> _WHAT THE EXERCISE ASKS_
Reproduce verbatim all of the data given below, but do not carry over the images.

-------- THE DATA --------

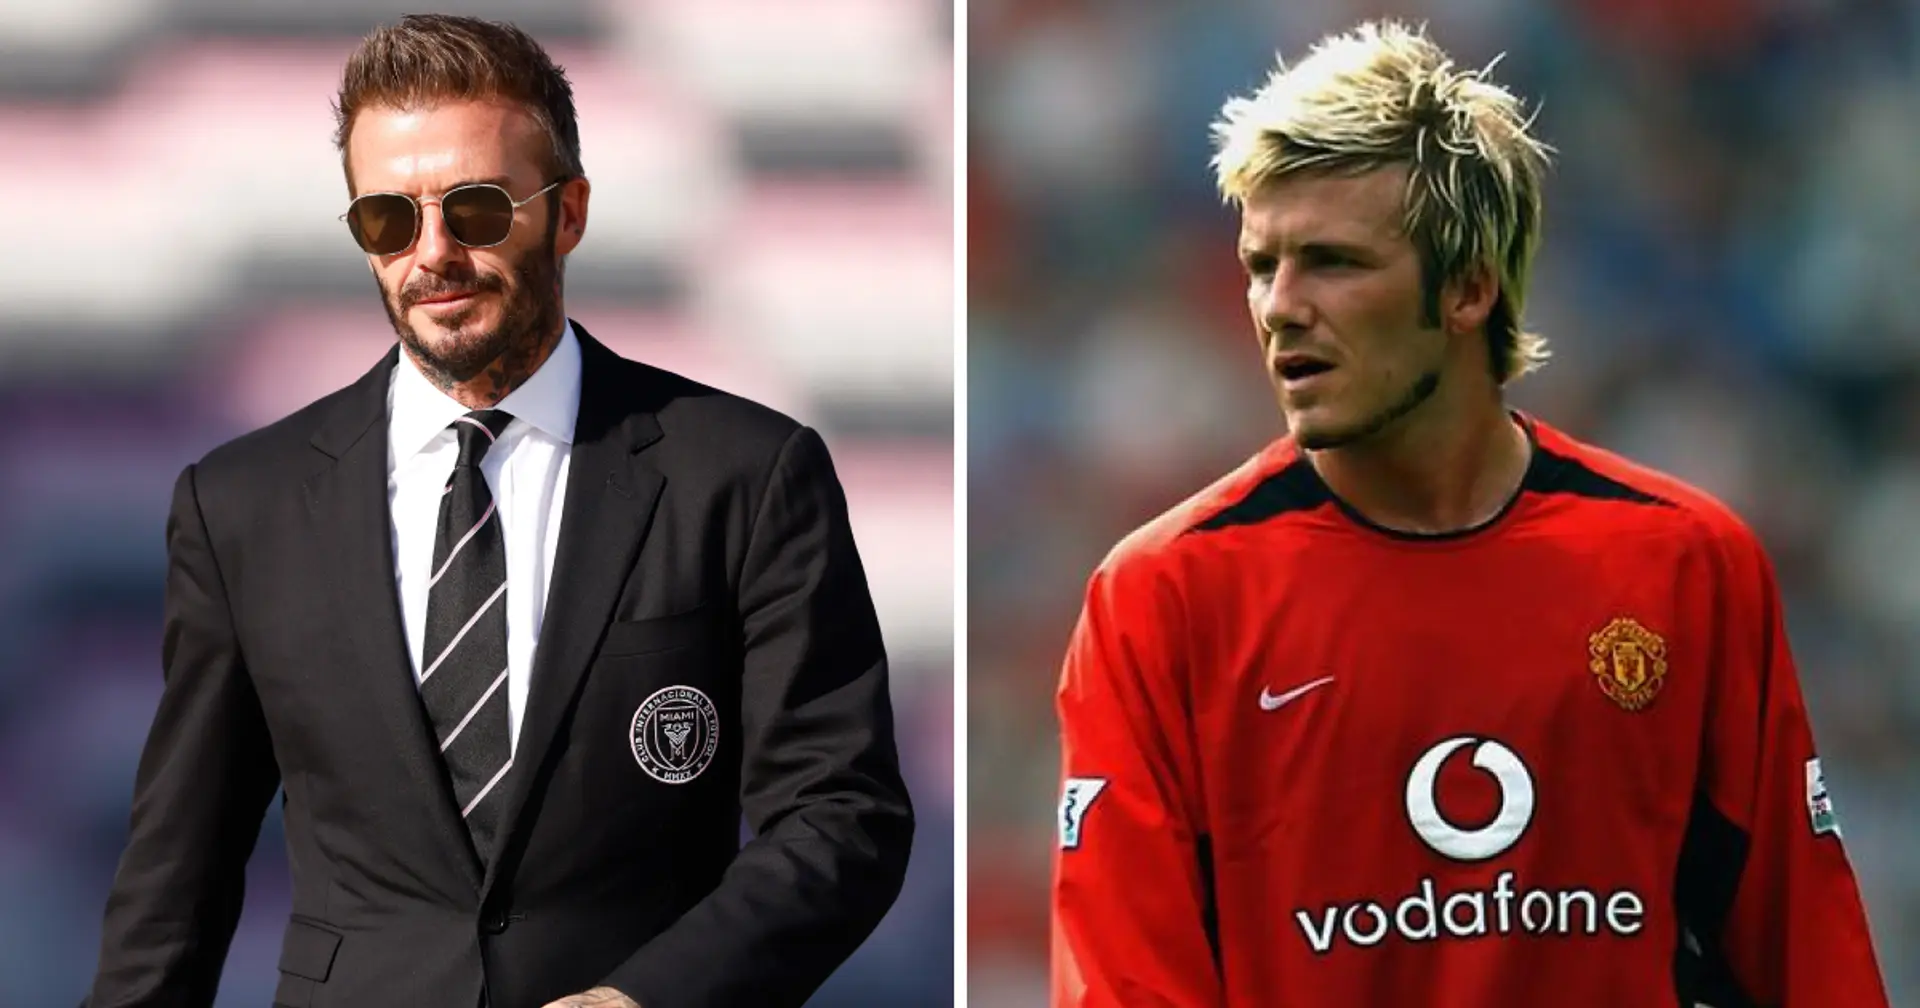 "Peu de footballeurs faisaient ça à ce moment-là" : David Beckham à propos de son cadeau spécial de 50 000 £
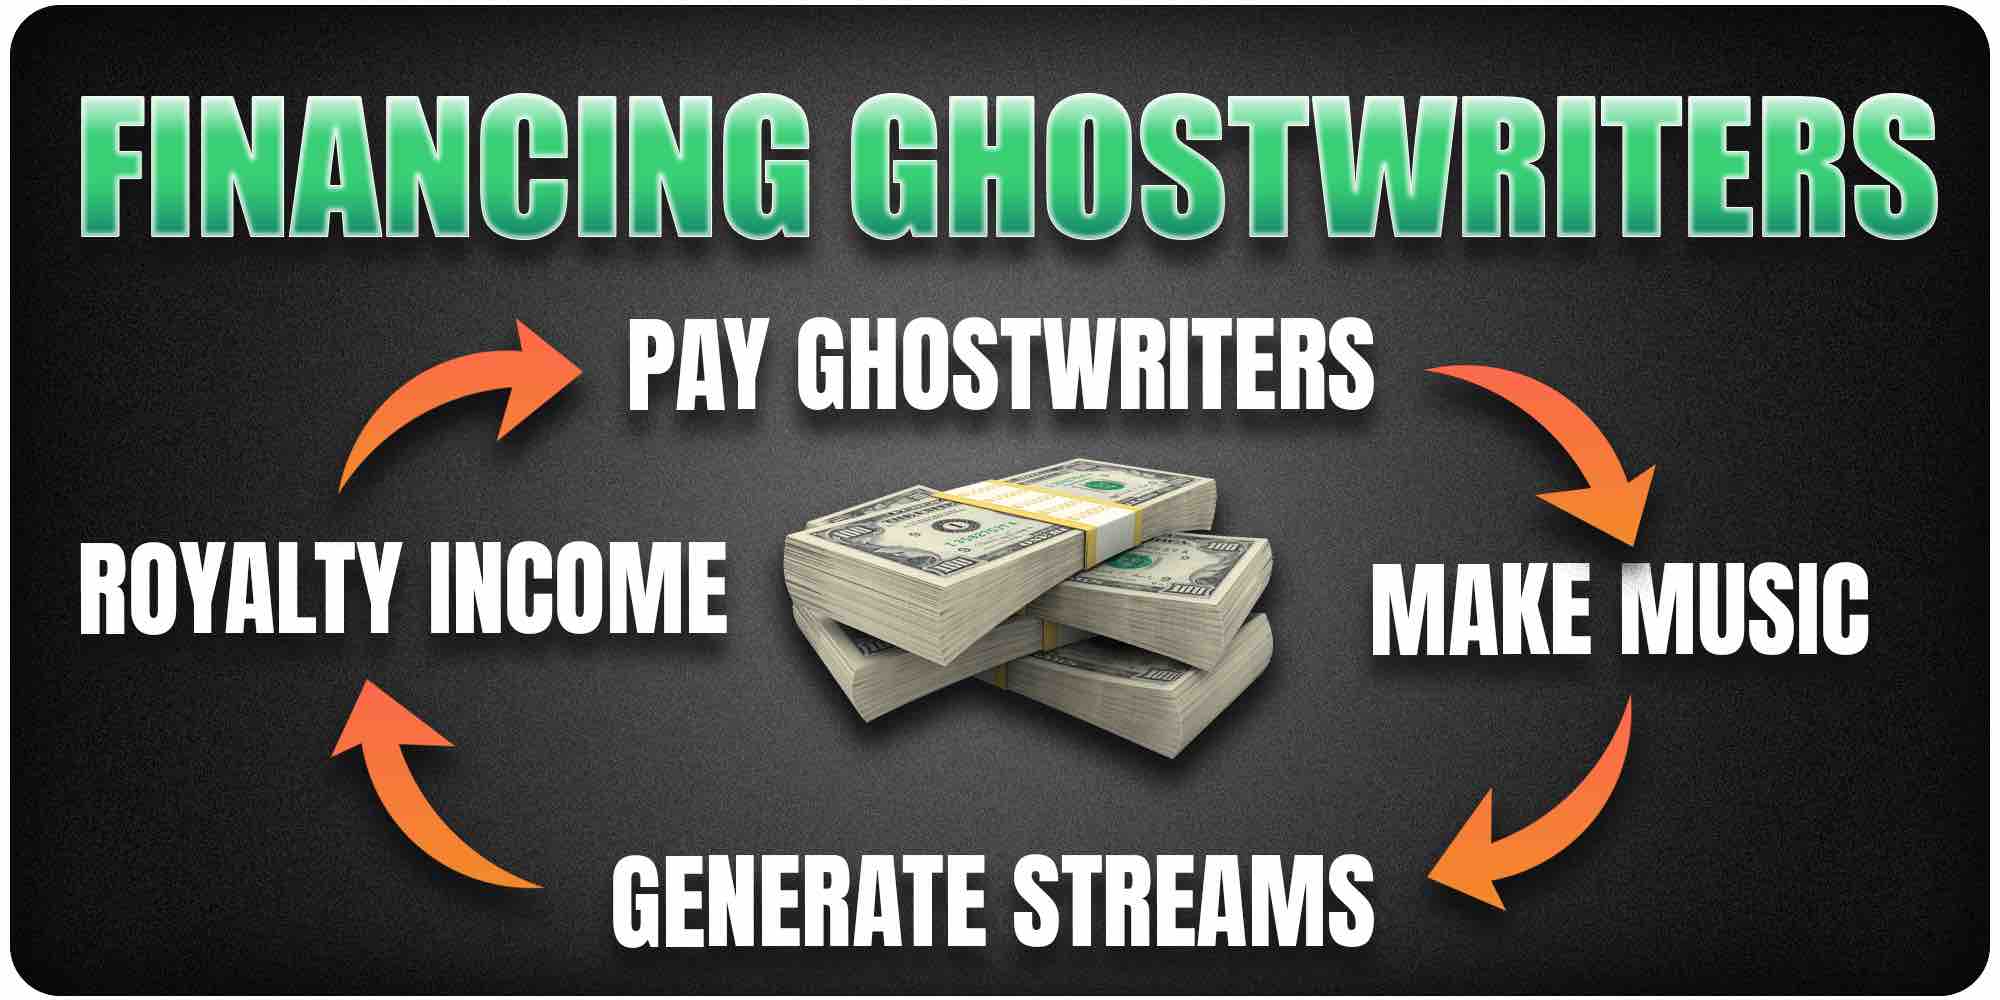 Financing ghostwriters
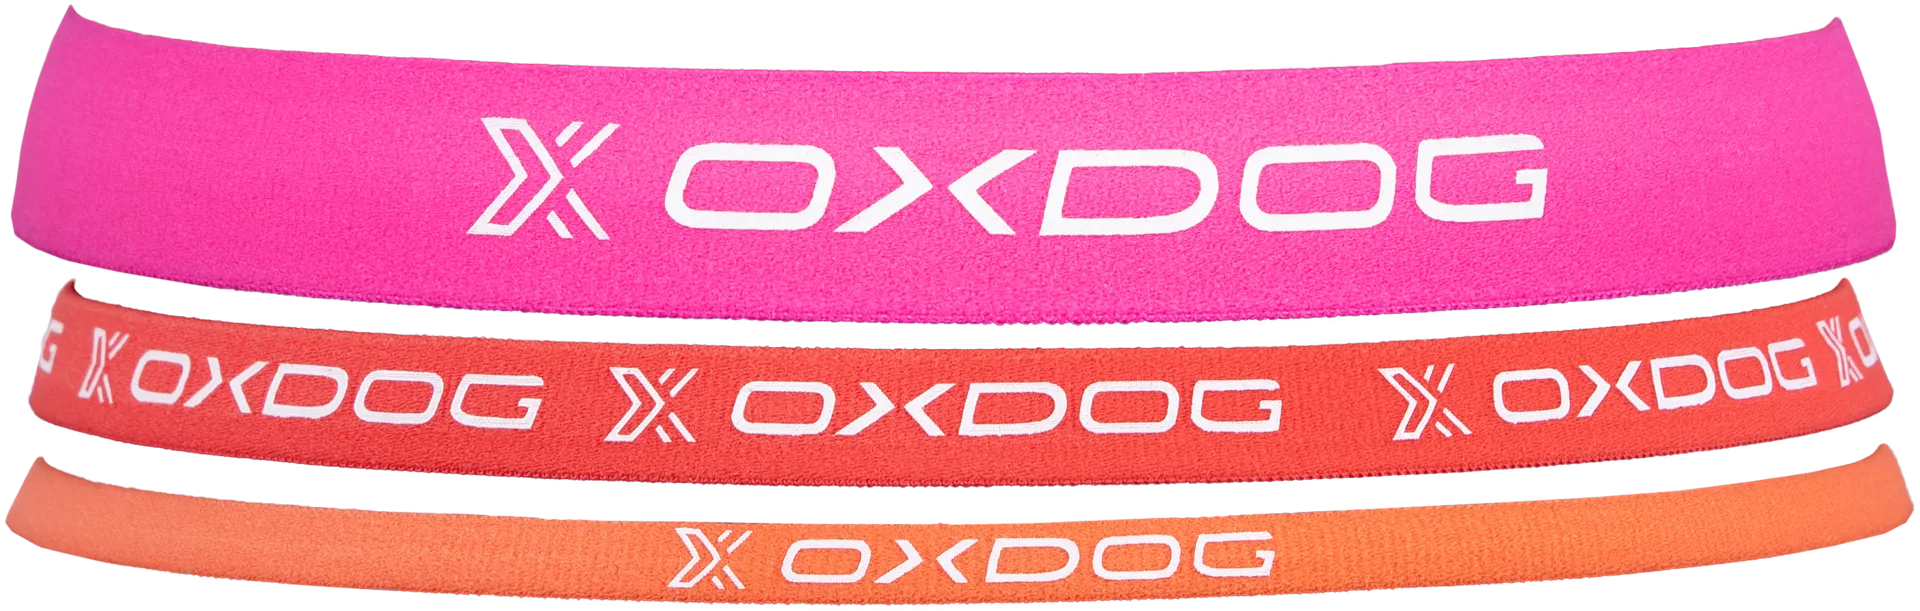 Oxdog Process päänauha 3kpl pinkki/punainen/oranssi

--------

> _COMPLETED TASK_
 "Peu de footballeurs faisaient ça à ce moment-là" : David Beckham à propos de son cadeau spécial de 50 000 £
 Financing ghostwriters
 Oxdog Process päänauha 3kpl pinkki/punainen/oranssi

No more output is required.